The maximum liability of the Corporation, acting as receiver or in any other capacity . to any person having a claim against the receiver or the insured depository institution for which such receiver is appointed shall equal the amount such claimant would have received if the Corporation had liquidated the assets and liabilities of such institution.12 U.S.C. § 1821(i)(2).

14. No equitable relief can be awarded against FDIC-Receiver. 12 U.S.C. § 1821(j); Sahni v. Am. Diversified Partners, 83 F.3d 1054 (9th Cir. 1996).

15. Plaintiffs can recover nothing from the FDIC-Receiver because there are insufficient assets in the receivership estate for any payment to be made to general unsecured creditors.

16. A court may dismiss claims under the doctrine of prudential mootness where "common sense or equitable considerations . justify a decision not to decide a case on the merits," even if the claims fall within the court's Article III jurisdiction. In re AOV Indus., Inc., 792 F.2d 1140, 1147 (D.C. Cir. 1986); see also Franks v. Bowman Transp. Co., 424 U.S. 747, 756 n.8 (1976).

17. There is no reason to continue litigating Plaintiffs' claims against the FDIC-Receiver because there is no possibility that Plaintiffs will obtain any recovery, even if they were to prevail on their claim.

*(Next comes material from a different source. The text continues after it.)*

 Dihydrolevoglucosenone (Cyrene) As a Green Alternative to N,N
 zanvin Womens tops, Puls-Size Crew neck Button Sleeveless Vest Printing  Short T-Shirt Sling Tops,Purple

18. A party moving for summary judgment need only show the absence of evidence supporting the nonmoving party's claims. See Celotex Corp. v. Catrett, 477 U.S. 317, 325 (1986).

19. Plaintiffs have not provided sufficient evidence to demonstrate a genuine issue of material fact in support of their claims against the FDIC-Receiver, further entitling the FDIC-Receiver to summary judgment. See Barnett v. Centoni, 31 F.3d 813, 815 (9th Cir. 1994); Smolen v. Deloitte, Haskins & Sells, 921 F.2d 959, 963 (9th Cir. 1990).

20. Judgment shall be entered in favor of the FDIC-Receiver, consistent herewith.